Monday, May 20, 2019

Retro Review: THE CHOSEN (1978)


THE CHOSEN
aka HOLOCAUST 2000
aka RAIN OF FIRE
(Italy/UK - 1977; US release 1978)

Directed by Alberto De Martino. Written by Sergio Donati, Alberto De Martino and Michael Robson. Cast: Kirk Douglas, Simon Ward, Agostina Belli, Anthony Quayle, Romolo Valli, Adolfo Celi, Virginia McKenna, Alexander Knox, Ivo Garrani, Spiros Focas, Massimo Foschi, Geoffrey Keen, Alan Hendricks, Peter Cellier, John Carlin, Penelope Horner, Caroline Horner, Vittorio Fanfoni, Teresa Rossi Passante, Andrea Esterhazy. (R, 102 mins)

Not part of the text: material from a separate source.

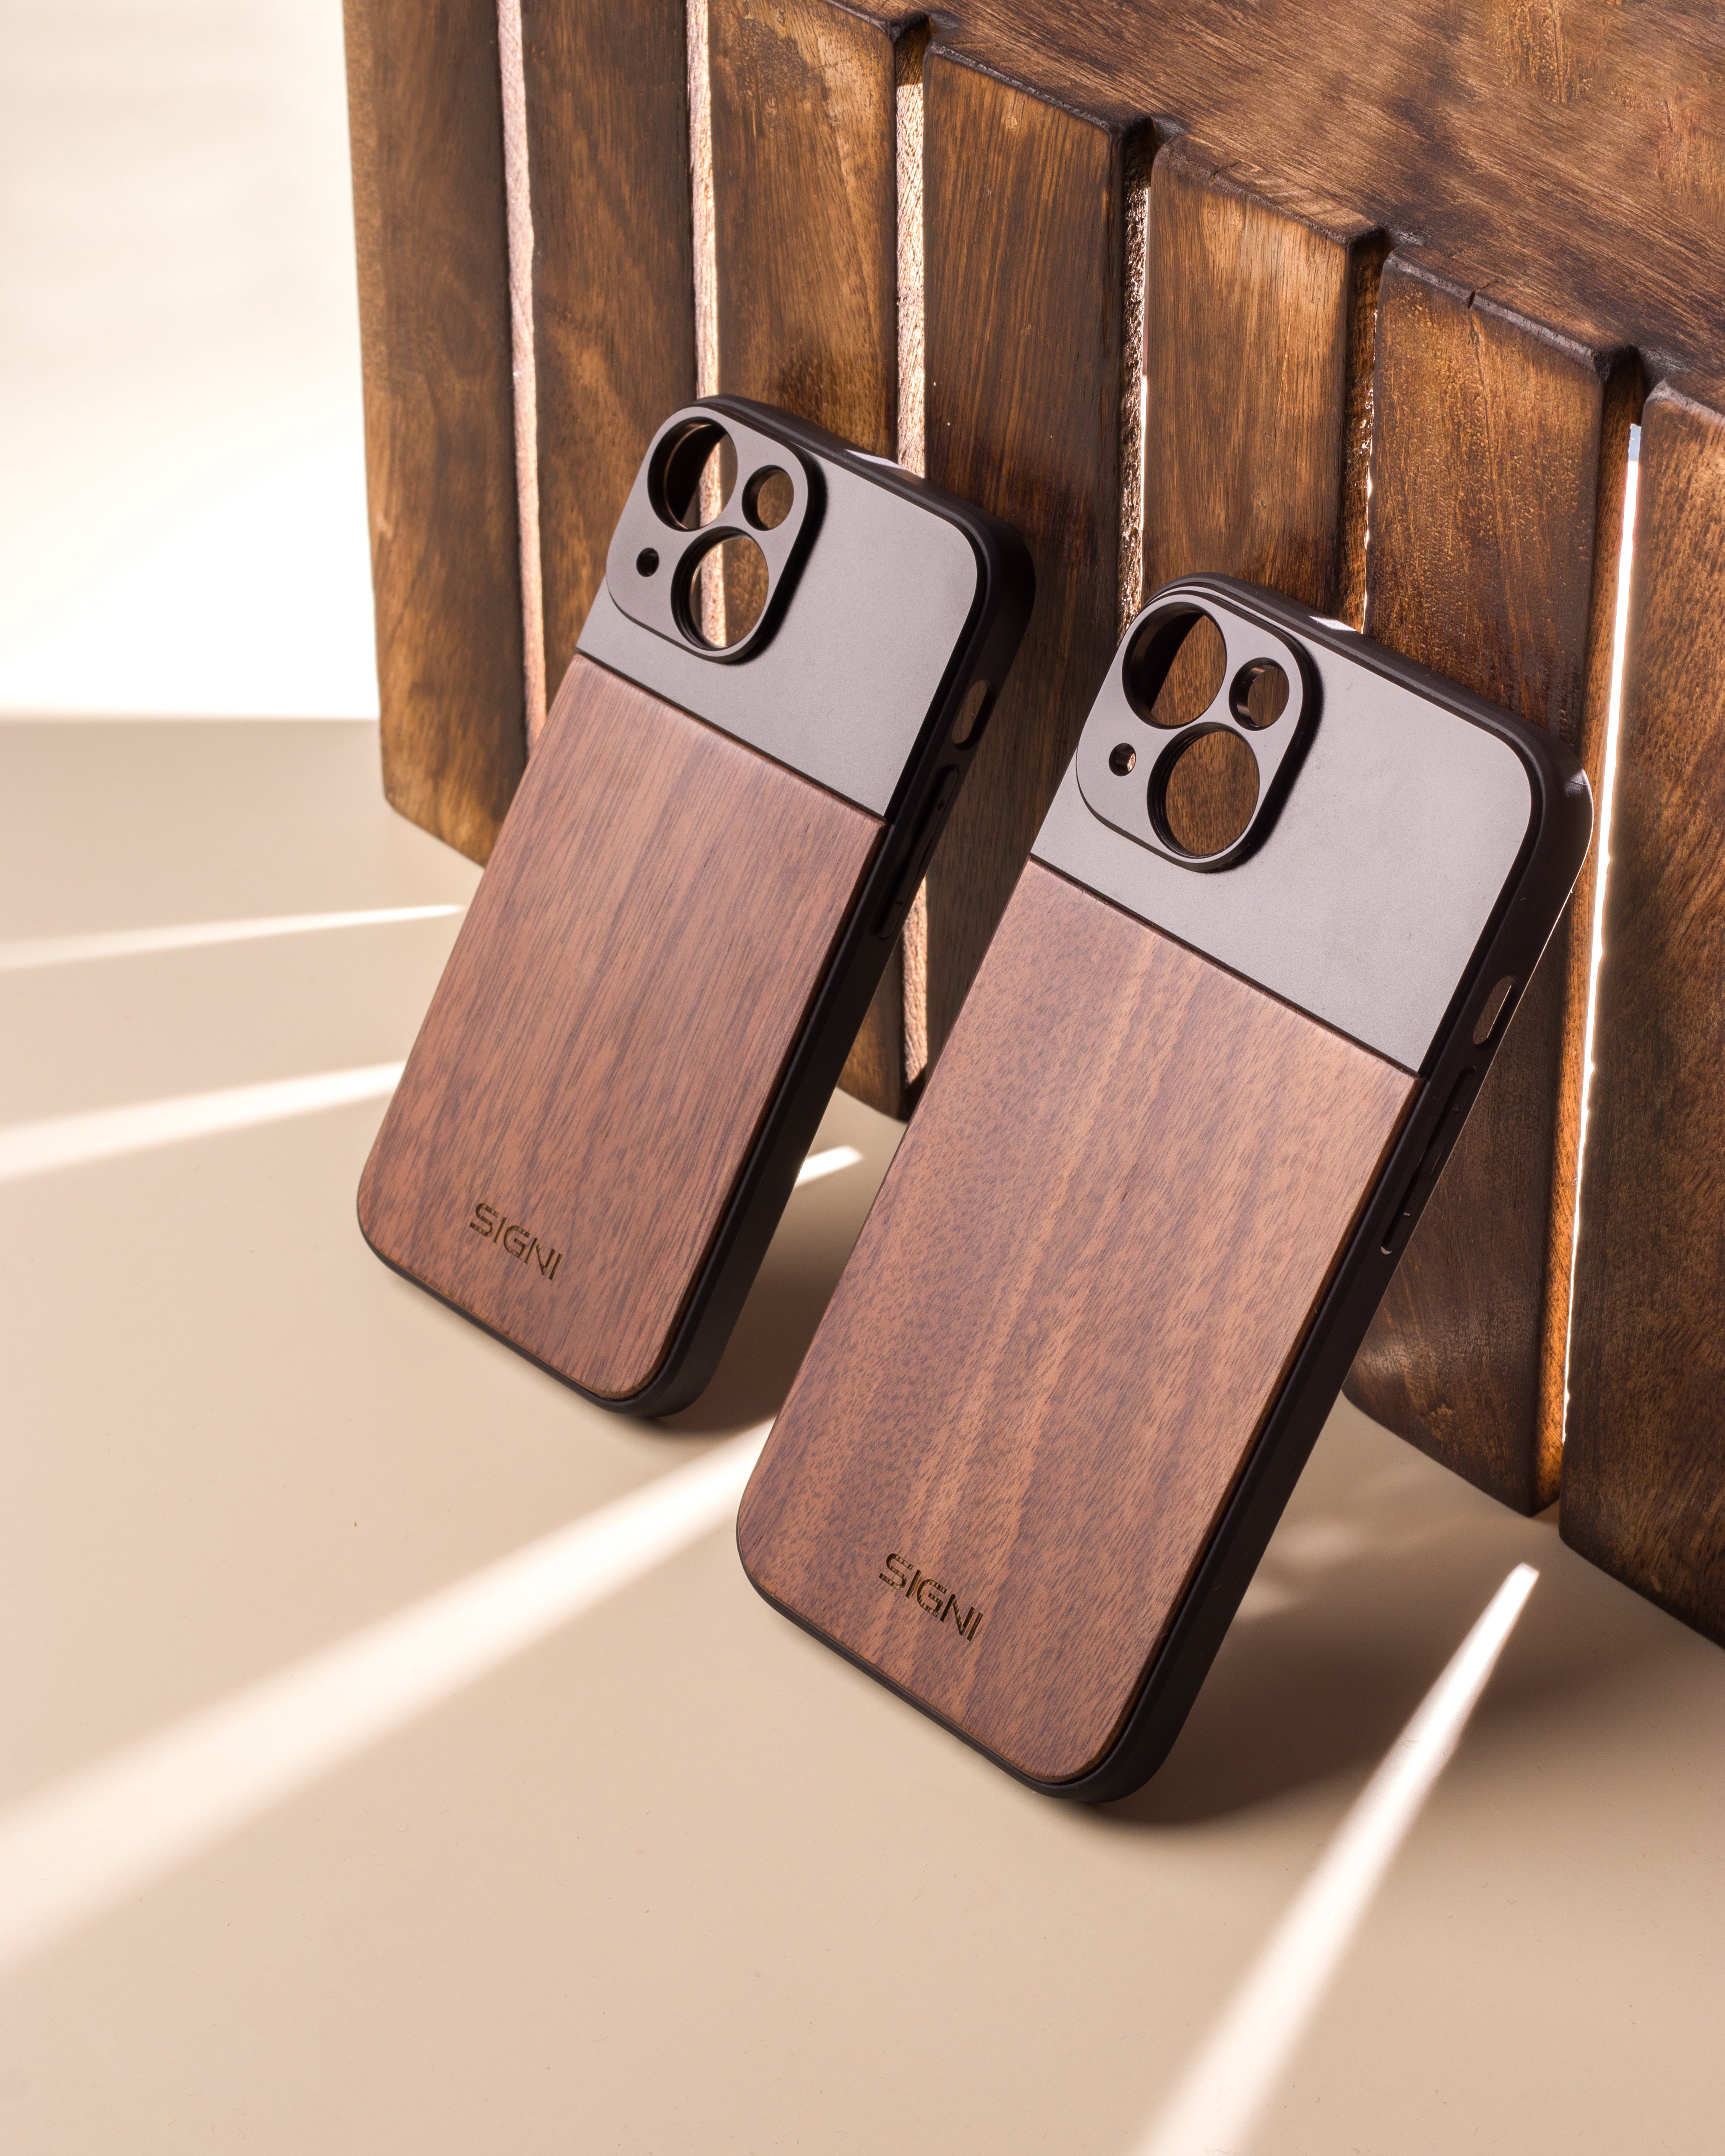 SKYVIK SIGNI One Wooden Mobile Lens case for iPhone 7, 8 & Se 2020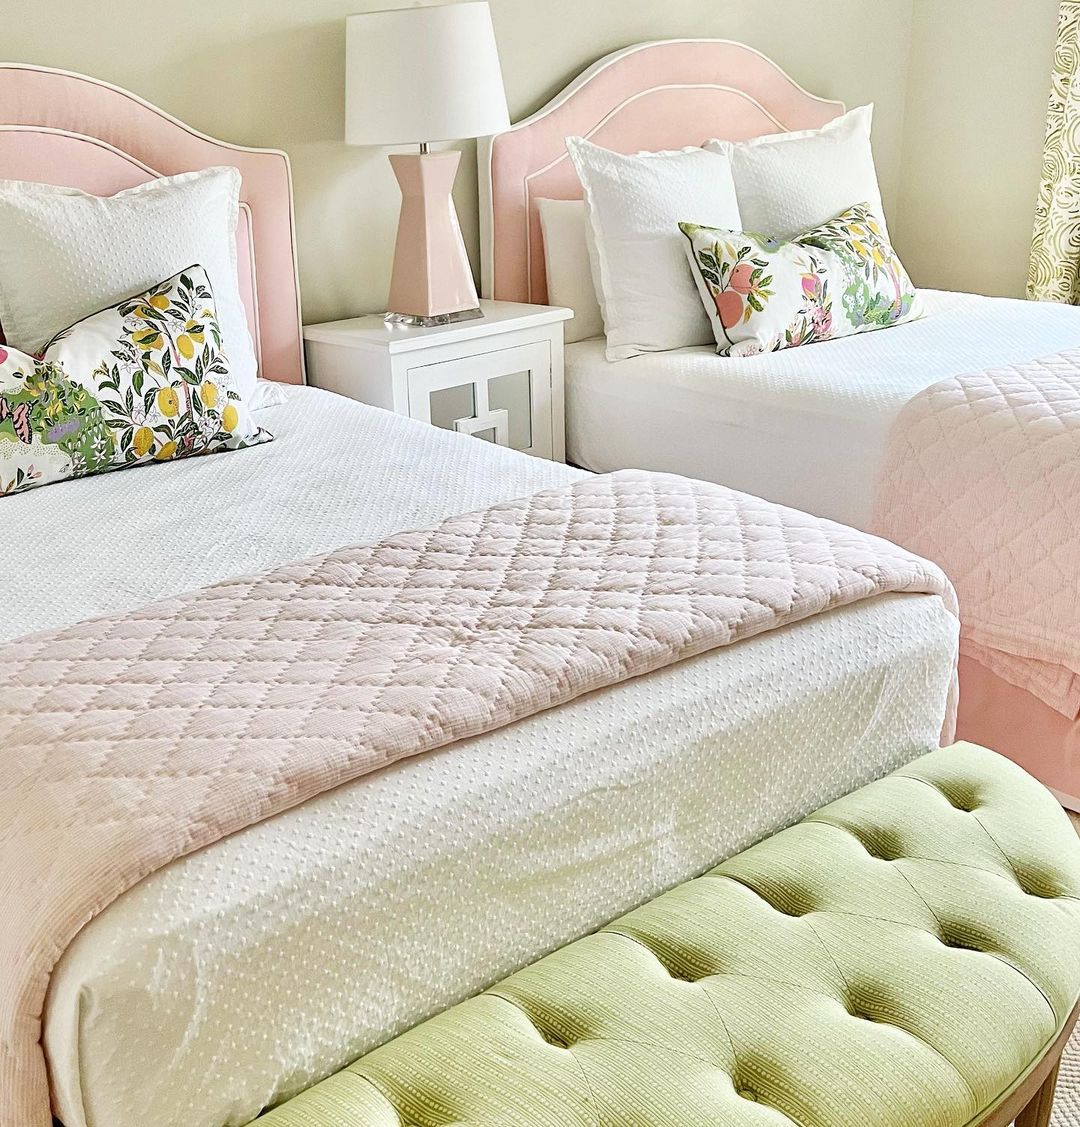 Soft Pastel Harmony for a Relaxing Retreat

The Italian ripoff is one of the most enjoyably rewarding aspects of being a fan of '70s and '80s exploitation and Eurocult cinema. If there was a game-changing American blockbuster (THE GODFATHER, THE EXORCIST, JAWS, STAR WARS), an immensely popular genre effort (DAWN OF THE DEAD, CONAN THE BARBARIAN, RAMBO: FIRST BLOOD PART II), or even an influential film that wasn't necessarily American-made but was a worldwide hit (THE ROAD WARRIOR), it was guaranteed that at least a dozen shameless Italian ripoffs would follow in its wake. These often starred slumming, past-their-prime American and sometimes British actors who weren't getting lead roles at home and often had to resort to TV guest spots, considered at the time to be a step down. By contrast, European producers were offering starring roles, top billing, treated them like royalty, gave them an all-expenses-paid Italian vacation, and all they had to do was put in the bare minimum for the biggest paycheck, or in many cases, a suitcase full of tax-free cash. In the annals of Italian ripoffs, the 1978 OMEN knockoff THE CHOSEN stands out from the crowd, not just because it's unusually ambitious, has a much bigger budget than most of its Eurotrash imitation brethren, and a distinguished supporting cast, but because it stars a surprisingly engaged Kirk Douglas. Already a Hollywood legend by this point and not exactly hurting for work (he had Brian De Palma's THE FURY in theaters at the same time), Douglas had enough clout and his name enough value that he could've gotten away with doing as little as possible, shot his close-ups, and gone sight-seeing while his stand-in did the heavy lifting and competent editors could create the illusion that he was there the whole time, but he approaches this with all the gravitas and teeth-clenched, lock-jawed intensity of SPARTACUS.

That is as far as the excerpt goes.